Permet en outre Sa Majesté aux deputez de lad. Religion assemblez en lad. ville de Chastellerault de demeurer ensemble au nombre de dix en la ville de Saumur pour la poursuite de l’execution de son edict, jusqu’à ce que sond. edict soit verifié en la cour de parlement de Paris, nonobstant qu’il leur soit enjoint par led. edict de se separer promptement5, sans toutesfois qu’ils puissent faire au nom de lad. assemblée aucunes nouvelles demandes ni s’entremettre que de la solicitation de lad. execution, deputation et acheminement des commissaires qui seront pour ce ordonnez.

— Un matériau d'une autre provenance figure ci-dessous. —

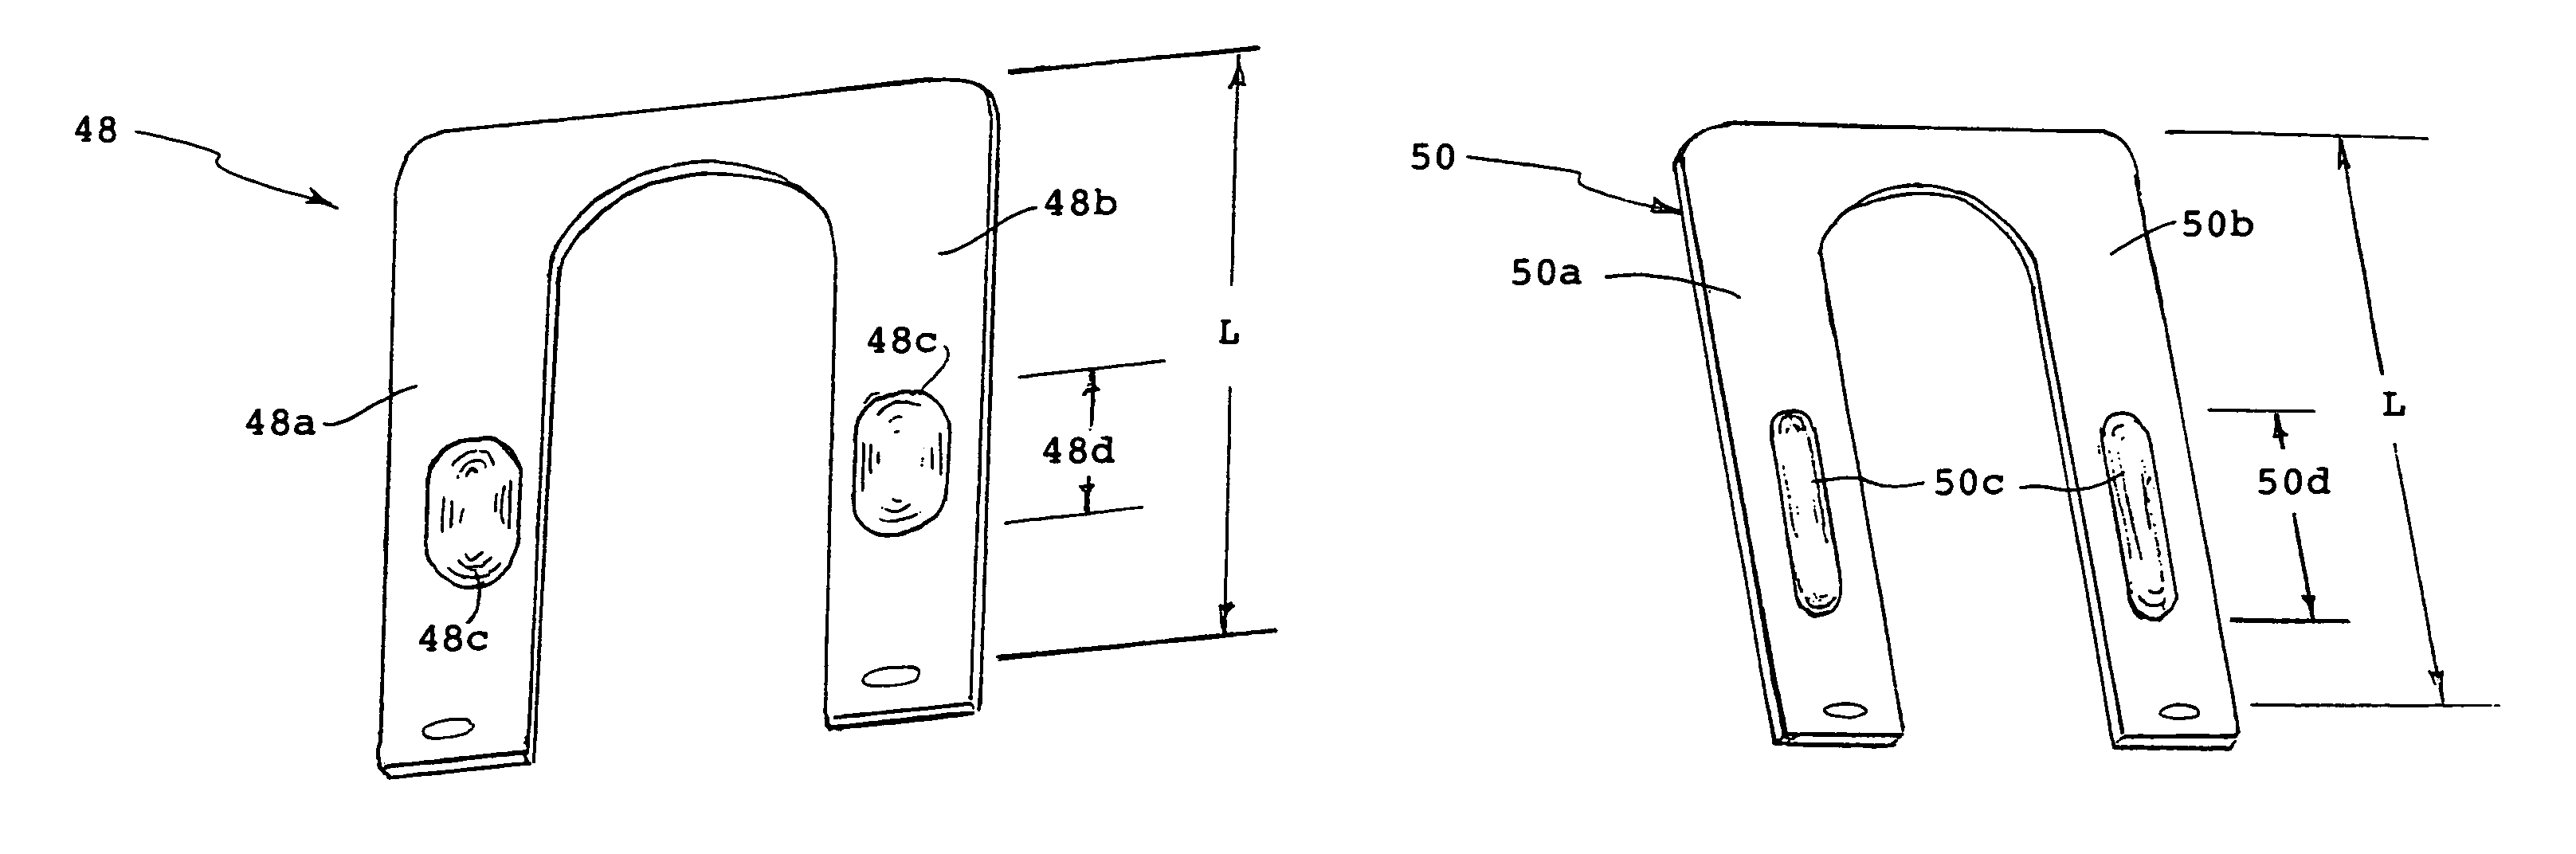 Method for ambient temperature compensating thermostat metal actuated electrical devices having a plurality of current ratings

Et de tout ce que dessus, leur a Sa Majesté donné sa foy et parole par le present brevet, qu’elle a voulu signer de sa propre main et contresigner par nous ses secretaires (sic) d’Estat, voulant iceluy brevet leur valoir et avoir le mesme effet que si le contenu en iceluy estoit compris en un edict verifié en ses cours de parlement ; s’estans ceux de lad. Religion contentez, pour s’accommoder à ce qui est de son service et [à] l’estat de ses affaires, de ne la presser pas de mettre cette ordonnance en autre forme plus authentique, prenans cette confiance en la parole et bonté de Sa Majesté qu’elle les en fera jouir entierement. Ayant à cette fin commandé que toutes les expeditions et depesches qui seront necessaires pour l’execution de ce que dessus leur en soient expediées.

Ainsi signé : HENRY, et plus bas : FORGET.


2 Dans E1, l’expression “ Religion pretendue reformée ” est toujours abrégée en “ Religion P. Reformée ”, comme dans le brevet des pasteurs, pour les raisons qui ont été indiquées (n° XIV, note 2). Dans E2, à partir de l’article 11, elle est abrégée en “ R.P.R. ”.
3 Cf. n° XII, art. 11 (Metz étant ville d’évêché), et n° XIII, art. 9.